Basics Grundkurs Kochen (45)

Heute bleibt die Küche kalt, heut geht’s in den Melonenwald!

Stadtleben | aus FALTER 34/09 vom 19.08.2009

In den Obstabteilungen und auf Märkten kann man jetzt wieder Menschen dabei beobachten, wie sie an Melonen riechen, sie abklopfen und prüfend wie Lungenfachärzte das Ohr an die Früchte legen. Aber nutzt das was? Kann man wirklich hören, ob eine Melone reif ist? Bewahrt die Auskennernase vor dem Debakel einer vermeintlich süßen Frucht, die sich als bittere Gurke entpuppt?

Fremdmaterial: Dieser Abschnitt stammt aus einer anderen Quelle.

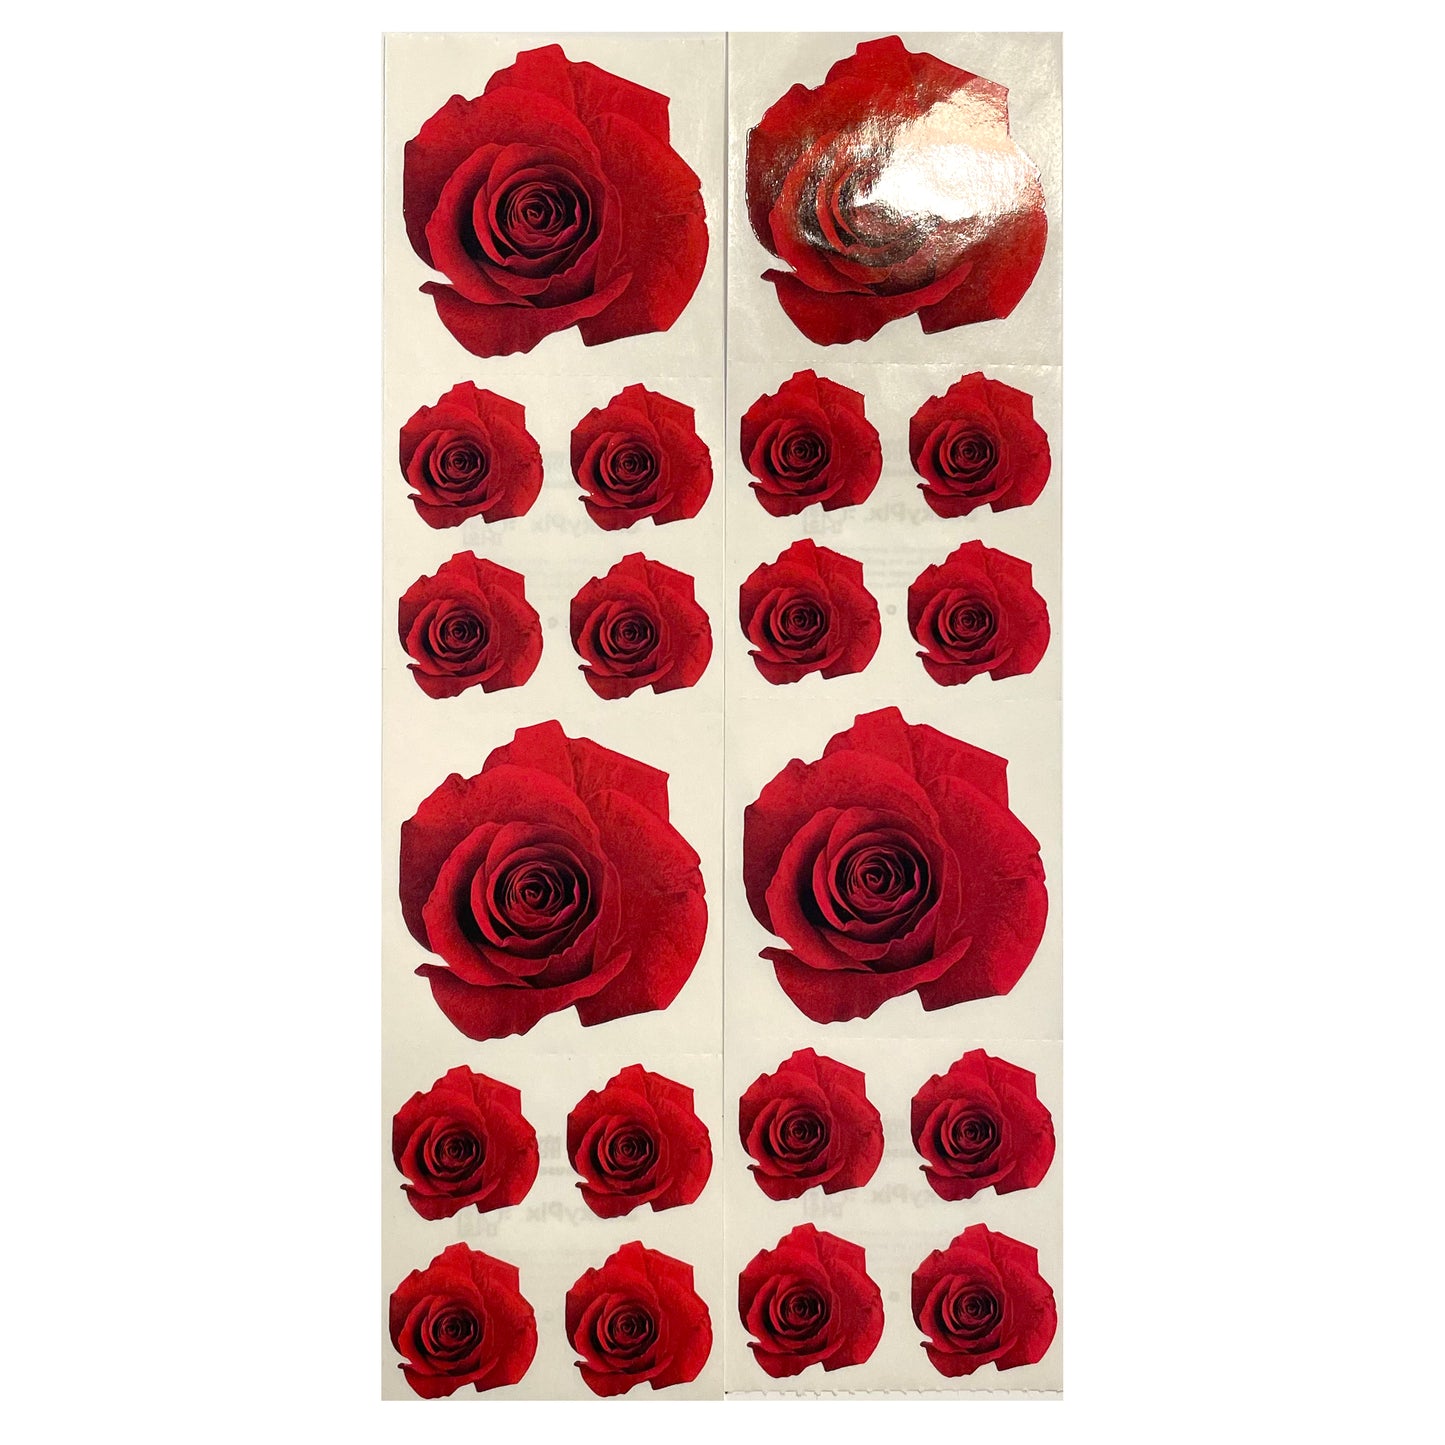 Paper House: Photoreal Red Rose Stickers - 8 pcs

Immerhin: Der Profi sagt, dass reife Wassermelonen beim Klopfen hohl und dumpf klingen, während beklopfte unreife Exemplare eher kein Geräusch von sich geben. Wer lieber nicht die Melone im Sack kauft, sollte nach halbierten Exemplaren fragen und darauf achten, dass das Fruchtfleisch tiefrot ist. Bei der Gelegenheit sieht man dann auch, wie „kernarm“ die Melone wirklich ist. Noch besser: kosten! Am Markt ist das durchaus üblich. Schwieriger ist es, den Reifegrad von Zuckermelonen zu ermitteln, weil sie wegen ihrer Größe meist ganz verkauft werden. Hier sollte die Nase ermitteln: Melonen, die nach nichts riechen, schmecken auch nach nichts. Die Unterseite muss auf Druck nachgeben und süßlich duften.

Und so werden Zuckermelonen „zerlegt“: Zuerst halbiert man die Frucht und schabt mit einem Esslöffel aus beiden Hälften die Kerne heraus. Anschließend schneidet man Spalten, schneidet diese bis zur Schale in Stücke und entfernt die Schale mit einem Schnitt, dass schließlich Stücke übrigbleiben.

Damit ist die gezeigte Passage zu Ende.